The 4G4G genotype of the plasminogen activator inhibitor 4G/5G gene polymorphism is associated with coronary atherosclerosis in patients at high risk for this disease.

作者信息

Gardemann A, Lohre J, Katz N, Tillmanns H, Hehrlein F W, Haberbosch W

机构信息

Institut für Klinische Chemie und Pathobiochemie, Bad Nauheim, Germany.

出版信息

Thromb Haemost. 1999 Sep;82(3):1121-6.

PMID:10494775
Abstract

BACKGROUND

Disturbances in fibrinolytic activity, such as increase in plasminogen activator inhibitor (PAI) activity, have been linked with an increased risk for coronary artery disease (CAD) and myocardial infarction (MI). Since 4G4G homozygotes of an insertion/deletion (4G/5G) gene variation in the promoter of PAI-I have been shown to have increased levels of PAI-I, we analysed the relation of this gene polymorphism to CAD and MI in a population of 2565 participants who underwent coronary angiography for diagnostic purposes.

RESULTS

In the total sample, the PAI-I 4G/4G genotype was associated with the presence, but not with the extent of CAD. However, in a subgroup of former and present smokers (n = 1782) or of individuals with a BMI above the mean value of 26.9 kg x m(-2) (n = 1269), the PAI-I 4G4G genotype was not only associated with the presence, but also with the extent of CAD, defined either by the number of diseased vessels or by the CHD score according to Gensini.
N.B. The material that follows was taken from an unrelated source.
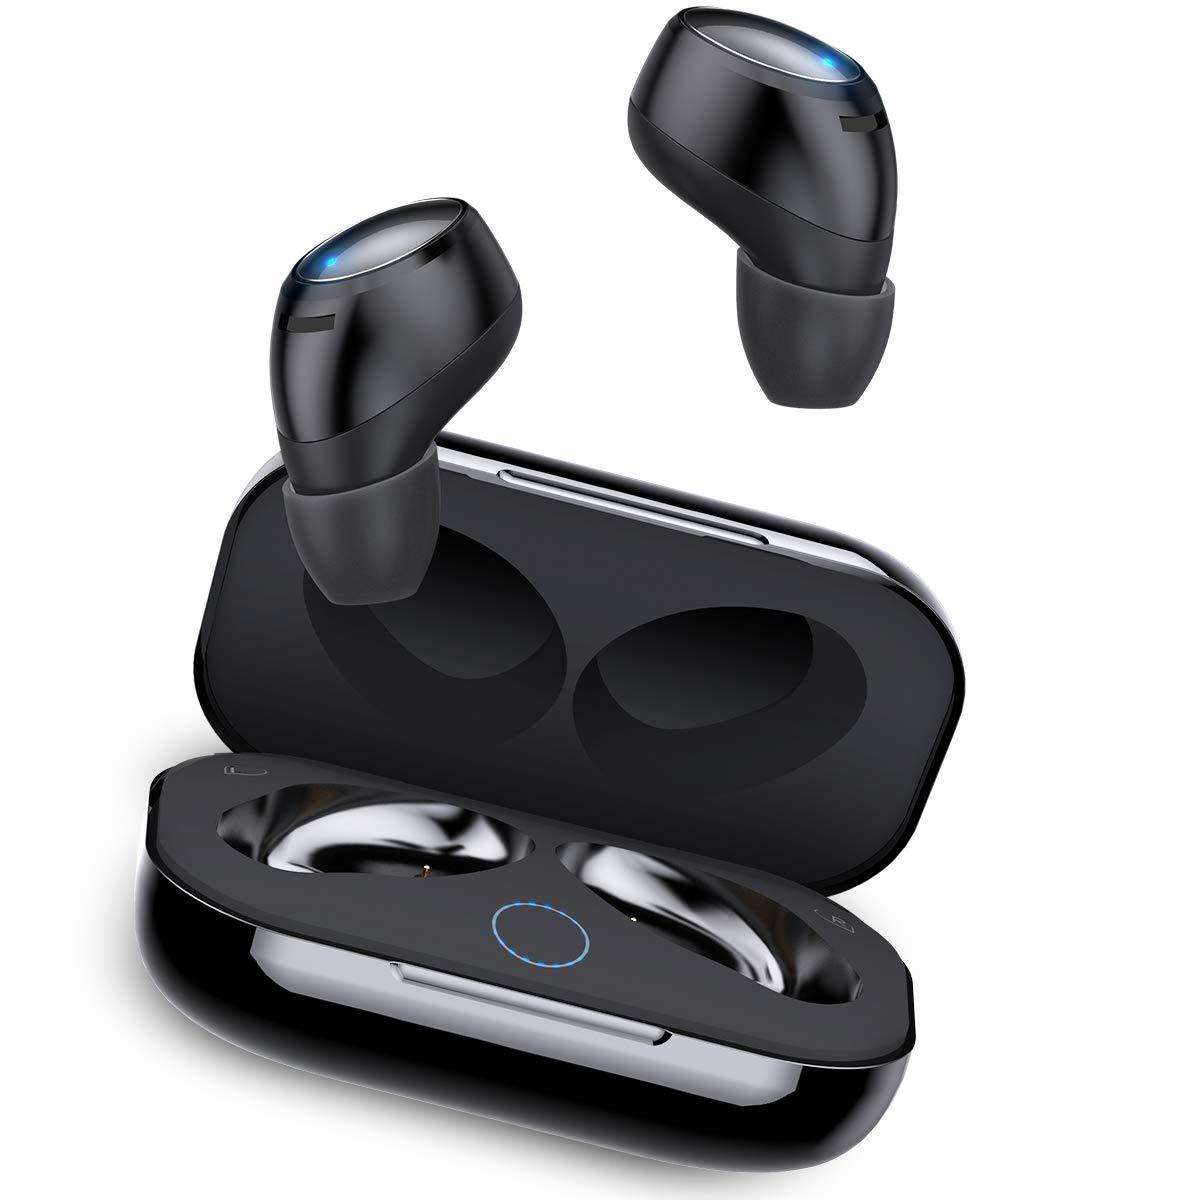 Auriculares Bluetooth In-Ear, Rock Mini Twins Estéreo Hi-Fi Manos Libres Auricular Deportivos Inalámbricos IPX5 Cancelación Ruido Micrófono Integrado con Caja de Carga para iPhone iOS Android
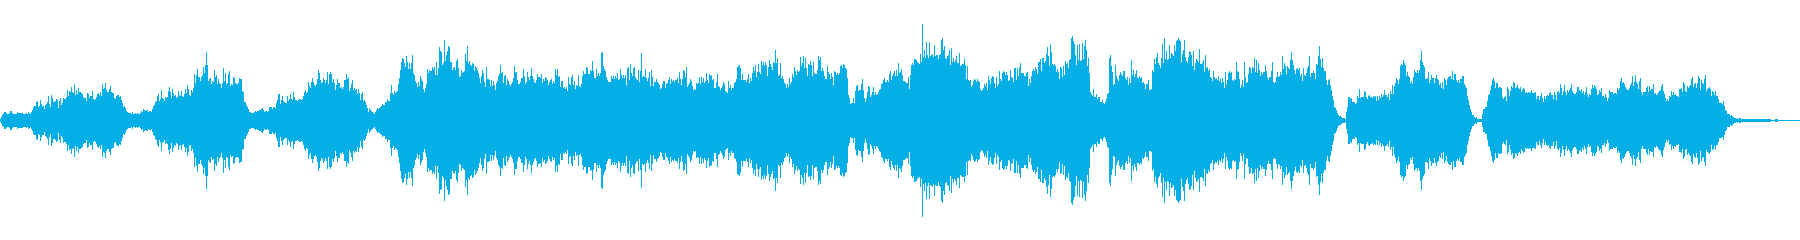 不穏・暗い・ファンタジー・BGMの再生済みの波形

This observation also applied to other high-risk groups of individuals with high BMI and hypertension (n = 869), of subjects with high fibrinogen plasma levels (>3.53 g x l(-1), mean value) and hypertension (n = 599) and of former and present smokers with high fibrinogen and hypertension (n = 452). An association of the gene variation with MI was not detected.

CONCLUSIONS

The present data indicate that the 4G/4G genotype of the PAI-I gene polymorphism is an independent risk factor for coronary artery disease and that the additional presence of major cardiovascular risk factors accelerates the risk for this disease.

摘要

背景

纤溶活性紊乱,如纤溶酶原激活物抑制剂(PAI)活性增加,与冠状动脉疾病(CAD)和心肌梗死(MI)风险增加有关。由于PAI-1启动子插入/缺失(4G/5G)基因变异的4G4G纯合子已被证明PAI-1水平升高,我们在2565名因诊断目的接受冠状动脉造影的参与者群体中分析了这种基因多态性与CAD和MI的关系。

结果

在整个样本中,PAI-1 4G/4G基因型与CAD的存在有关,但与CAD的严重程度无关。然而,在既往或当前吸烟者亚组(n = 1782)或体重指数(BMI)高于平均值26.9 kg·m⁻²的个体亚组(n = 1269)中,PAI-1 4G4G基因型不仅与CAD的存在有关,还与CAD的严重程度有关,CAD严重程度通过病变血管数量或根据Gensini评分的冠心病评分来定义。这一观察结果也适用于其他高危个体群体,包括高BMI和高血压患者(n = 869)、血浆纤维蛋白原水平高(>3.53 g·L⁻¹,平均值)且患有高血压的受试者(n = 599)以及纤维蛋白原水平高且患有高血压的既往或当前吸烟者(n = 452)。未检测到该基因变异与MI有关。

结论

目前的数据表明,PAI-1基因多态性的4G/4G基因型是冠状动脉疾病的独立危险因素,主要心血管危险因素的额外存在会加速该疾病的风险。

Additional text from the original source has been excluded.